Conference 2021: Women’s sport – the statistics supporting success

This conference session, organised by Bev Hale for the Statistics in Sport section, was led by three knowledgeable and entertaining speakers who drew on their experiences to provide very different perspectives on how statistics support women athletes to success.

Dr Naomi Datson, a reader in the Institute of Sport and Dr Sarah Needham-Beck, a research fellow in exercise physiology, both from the University of Chichester, provided insight into the use of statistics in women’s football and in dance, and Lucy Onyeforo, legal associate at Dorsey & Whitney LLP in New York and formerly part of the GB women’s bobsleigh team, provided an athlete’s perspective on how statistics influenced her transition from track athlete to women’s bobsleigh.

Sarah provided an informative and enlightening insight into the demands of the professional dancer in terms of the hours spent training, learning roles and performing on tour. She presented graphs and data illustrating how some dance companies produce a composite score to represent the demand placed on each dancer.
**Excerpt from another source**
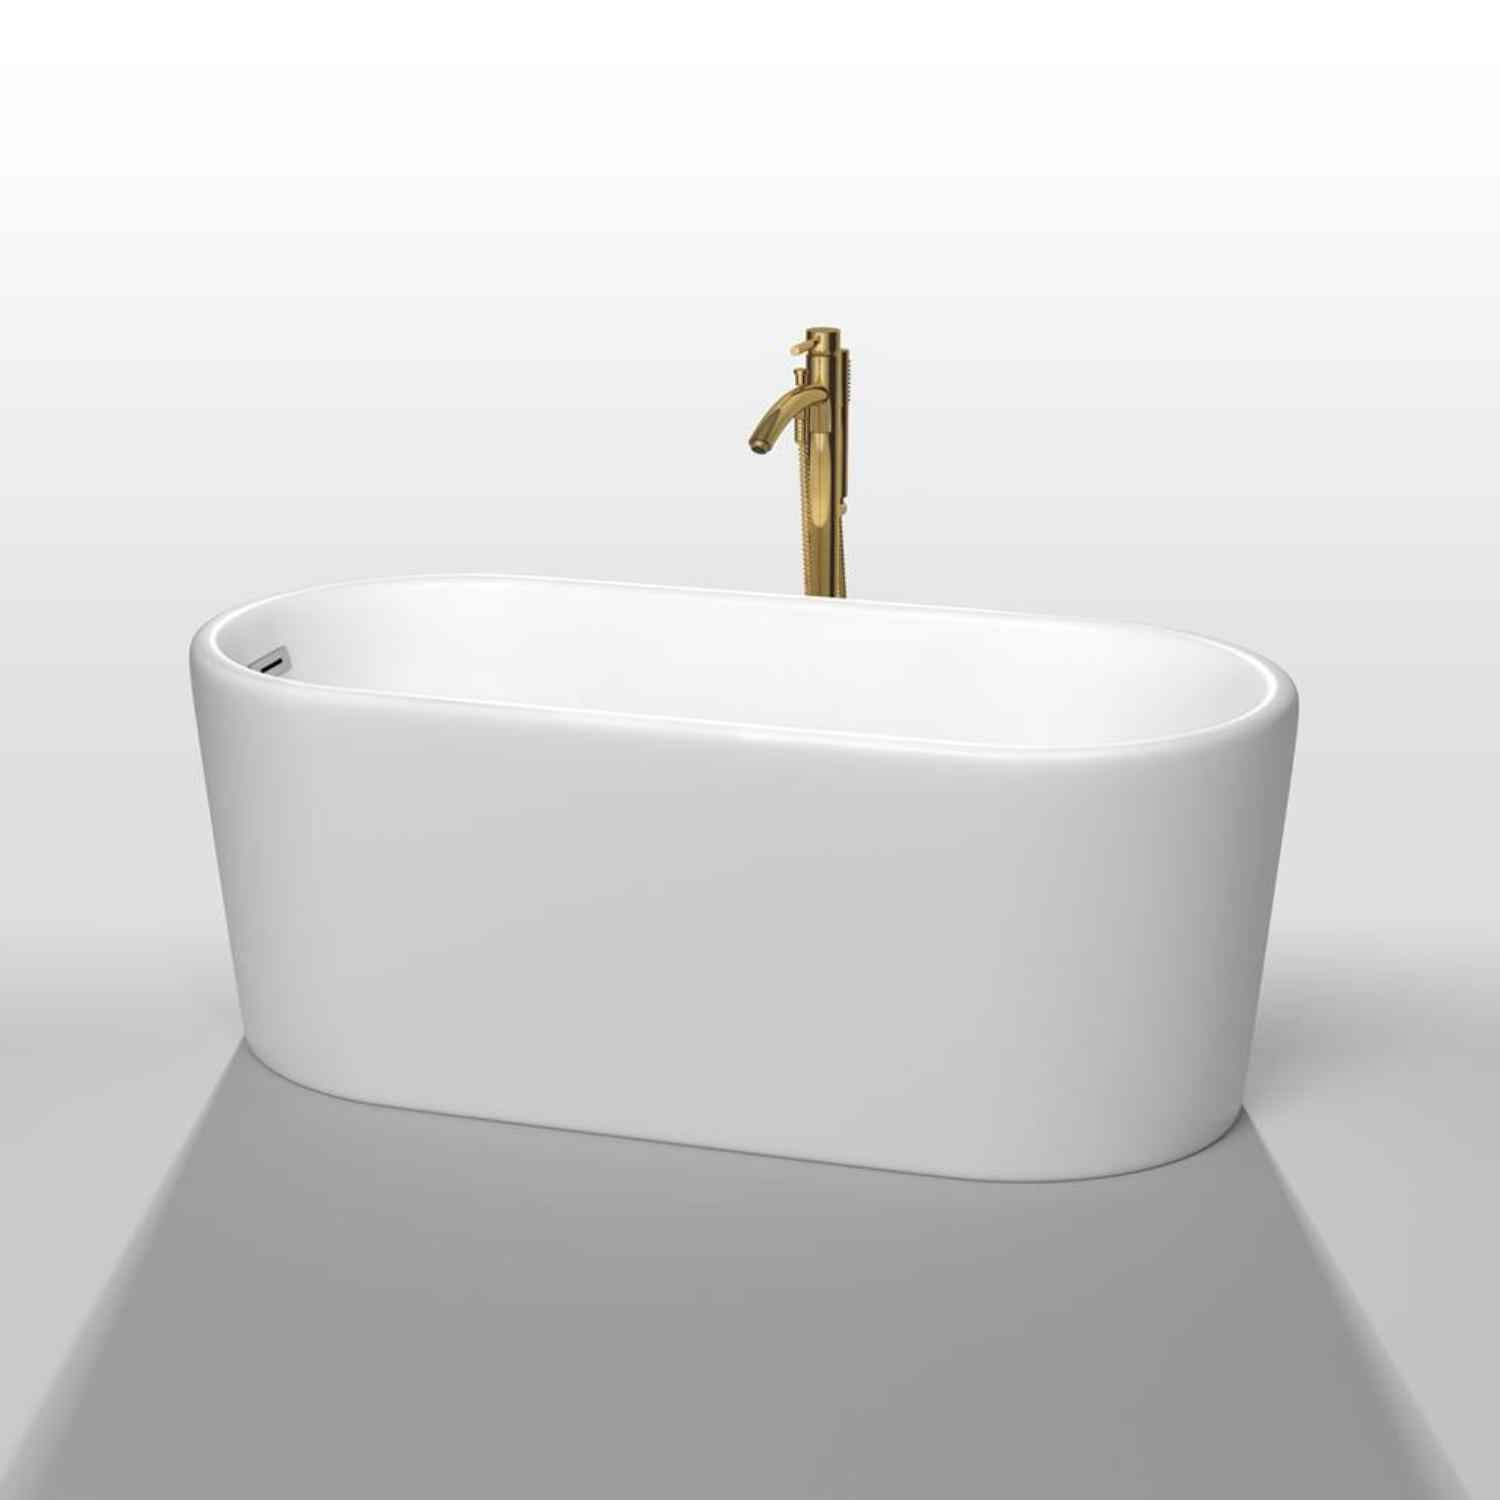 Wyndham collection Ursula 59 Inch Freestanding Bathtub in  Mate White golden fuchet

These scores can be used to regulate lighter and heavier performance demands while on tour with the aim of reducing the risk of injury. Sarah explained that research in professional dance is in its infancy and that there are more questions than answers, not least around the kinds of data to collect and how best to analyse them to benefit the dancers. She provided a tantalising glimpse of current developments and we hope to follow this with another dance related session at next year’s conference.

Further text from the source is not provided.